Brief Bioinform. 2021 Mar 22;22(2):2043-2057. doi: 10.1093/bib/bbaa028.
Accumulating evidence has shown that microRNAs (miRNAs) play crucial roles in different biological processes, and their mutations and dysregulations have been proved to contribute to tumorigenesis. In silico identification of disease-associated miRNAs is a cost-effective strategy to discover those most promising biomarkers for disease diagnosis and treatment. The increasing available omics data sources provide unprecedented opportunities to decipher the underlying relationships between miRNAs and diseases by computational models. However, most existing methods are biased towards a single representation of miRNAs or diseases and are also not capable of discovering unobserved associations for new miRNAs or diseases without association information. In this study, we present a novel computational method with adaptive multi-source multi-view latent feature learning (M2LFL) to infer potential disease-associated miRNAs. First, we adopt multiple data sources to obtain similarity profiles and capture different latent features according to the geometric characteristic of miRNA and disease spaces. Then, the multi-modal latent features are projected to a common subspace to discover unobserved miRNA-disease associations in both miRNA and disease views, and an adaptive joint graph regularization term is developed to preserve the intrinsic manifold structures of multiple similarity profiles. Meanwhile, the Lp,q-norms are imposed into the projection matrices to ensure the sparsity and improve interpretability. The experimental results confirm the superior performance of our proposed method in screening reliable candidate disease miRNAs, which suggests that M2LFL could be an efficient tool to discover diagnostic biomarkers for guiding laborious clinical trials.

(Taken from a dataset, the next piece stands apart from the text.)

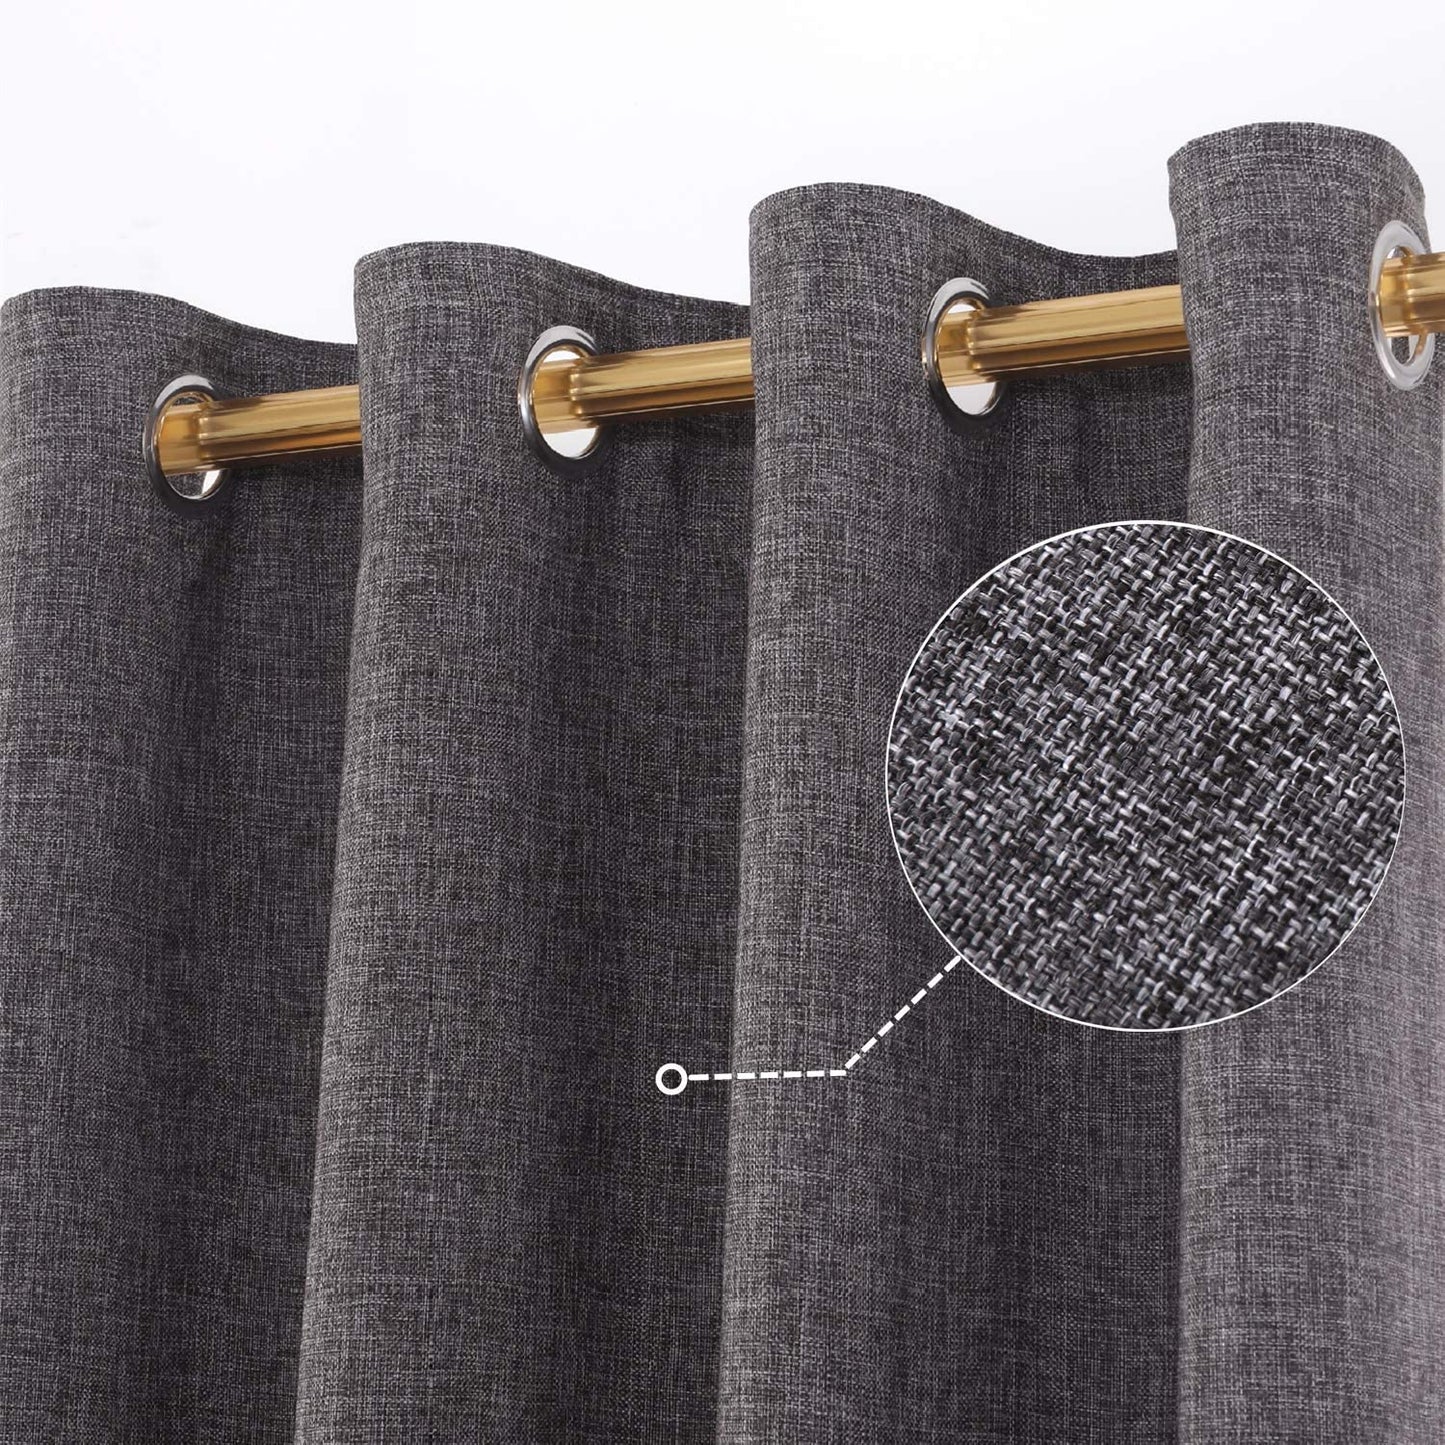 Faux Linen 100% Blackout Curtains Natural Look Durability for Bedroom

越来越多的证据表明,microRNAs(miRNAs)在不同的生物过程中发挥着关键作用,它们的突变和失调已被证明有助于肿瘤发生。通过计算方法识别与疾病相关的 miRNAs 是一种具有成本效益的策略,可以发现那些最有前途的疾病诊断和治疗生物标志物。越来越多的可利用的组学数据资源为通过计算模型揭示 miRNAs 和疾病之间的潜在关系提供了前所未有的机会。然而,大多数现有的方法偏向于 miRNAs 或疾病的单一表示形式,并且也无法在没有关联信息的情况下发现新的 miRNAs 或疾病的未观察到的关联。在这项研究中,我们提出了一种新的计算方法,具有自适应多源多视图潜在特征学习(M2LFL),以推断潜在的与疾病相关的 miRNAs。首先,我们采用多种数据源来获得相似性谱,并根据 miRNA 和疾病空间的几何特征捕获不同的潜在特征。然后,将多模态潜在特征投影到一个公共子空间中,以在 miRNA 和疾病视图中发现未观察到的 miRNA-疾病关联,并开发了一个自适应联合图正则化项来保留多个相似性谱的内在流形结构。同时,将 Lp,q-范数强加于投影矩阵中,以确保稀疏性并提高可解释性。实验结果证实了我们提出的方法在筛选可靠的候选疾病 miRNAs 方面的优越性能,这表明 M2LFL 可以成为发现诊断生物标志物的有效工具,以指导繁琐的临床试验。